• TASK ITEM
For the listing below, return the line containing "more self love, Funny", the line containing "Michaela Coel Creates", and all lines in between, exactly as written and nothing else.

• EXERCISE MATERIAL
────────────────────

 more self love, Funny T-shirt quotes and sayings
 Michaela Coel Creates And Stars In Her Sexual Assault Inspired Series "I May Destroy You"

────────────────────

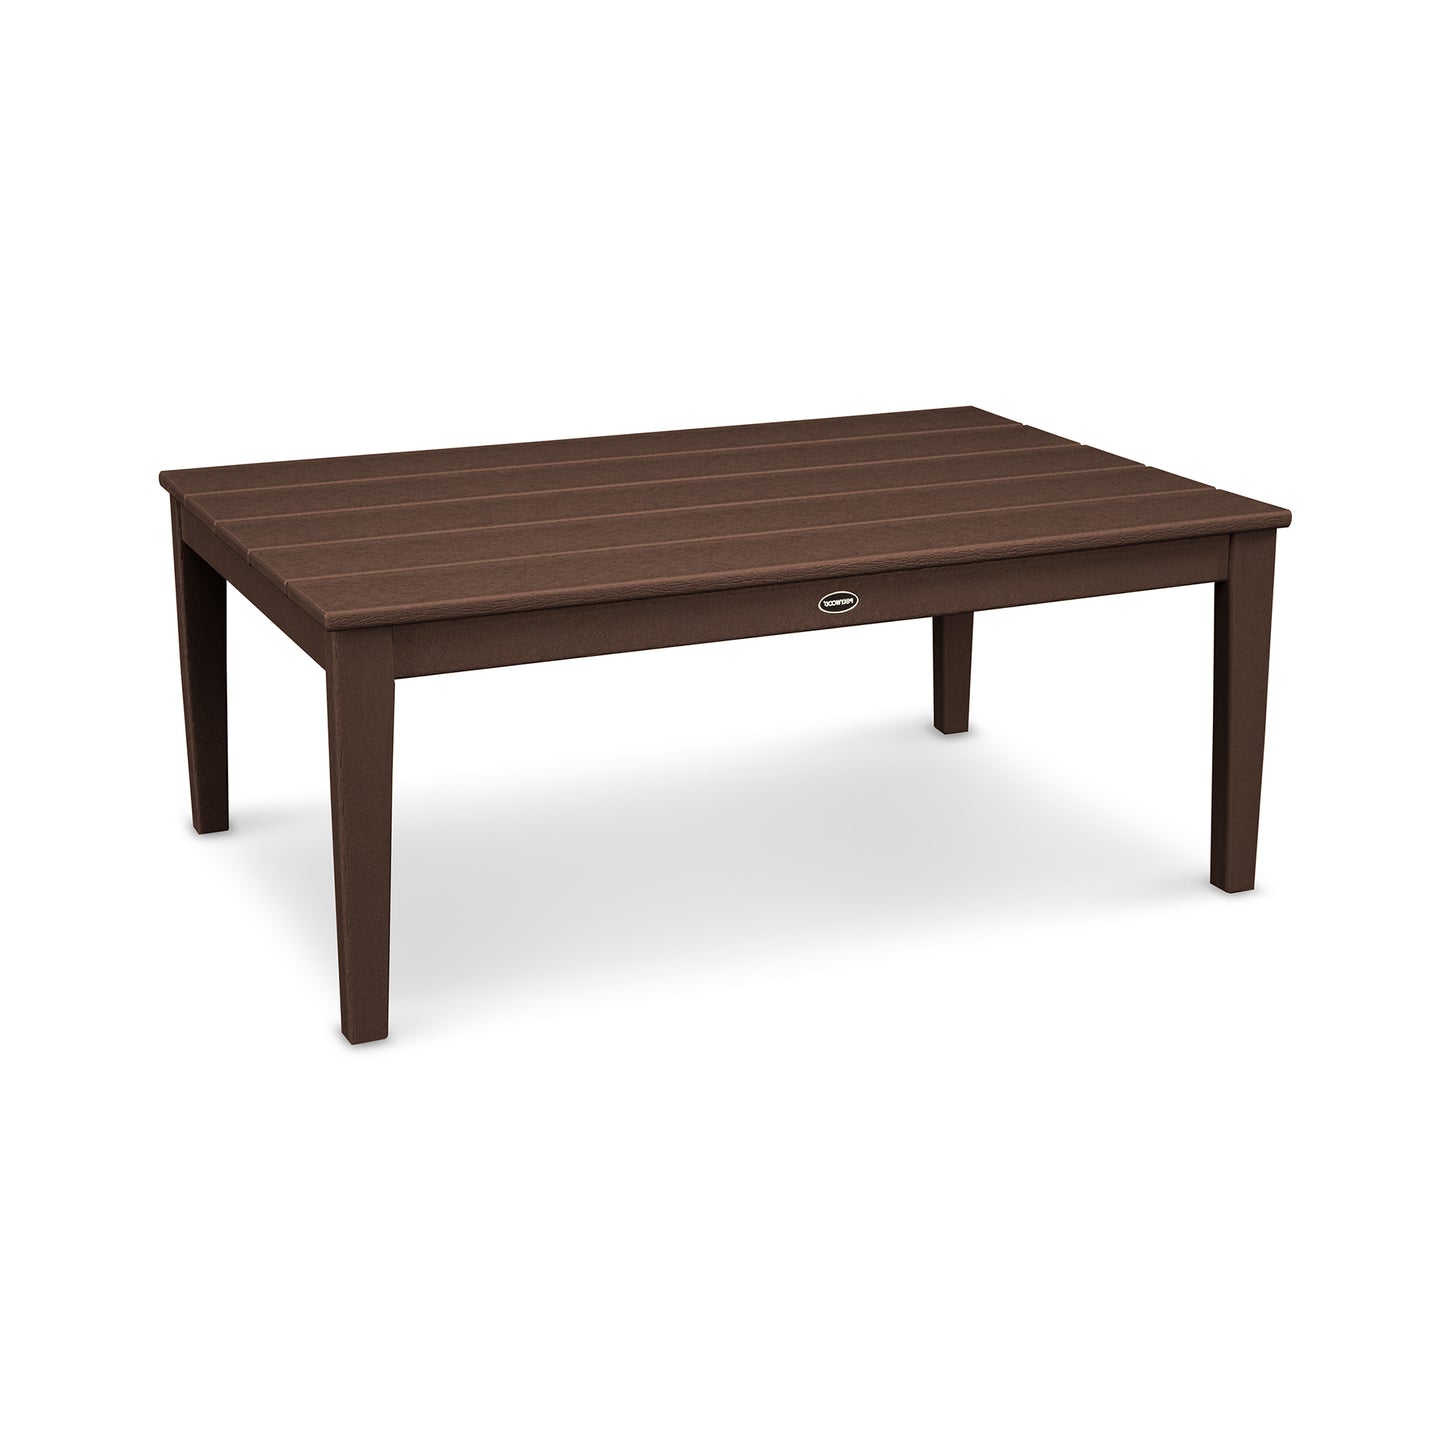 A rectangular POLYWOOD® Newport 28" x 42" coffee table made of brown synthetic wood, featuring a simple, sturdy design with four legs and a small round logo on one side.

────────────────────

• TASK RESPONSE
 more self love, Funny T-shirt quotes and sayings
 Michaela Coel Creates And Stars In Her Sexual Assault Inspired Series "I May Destroy You"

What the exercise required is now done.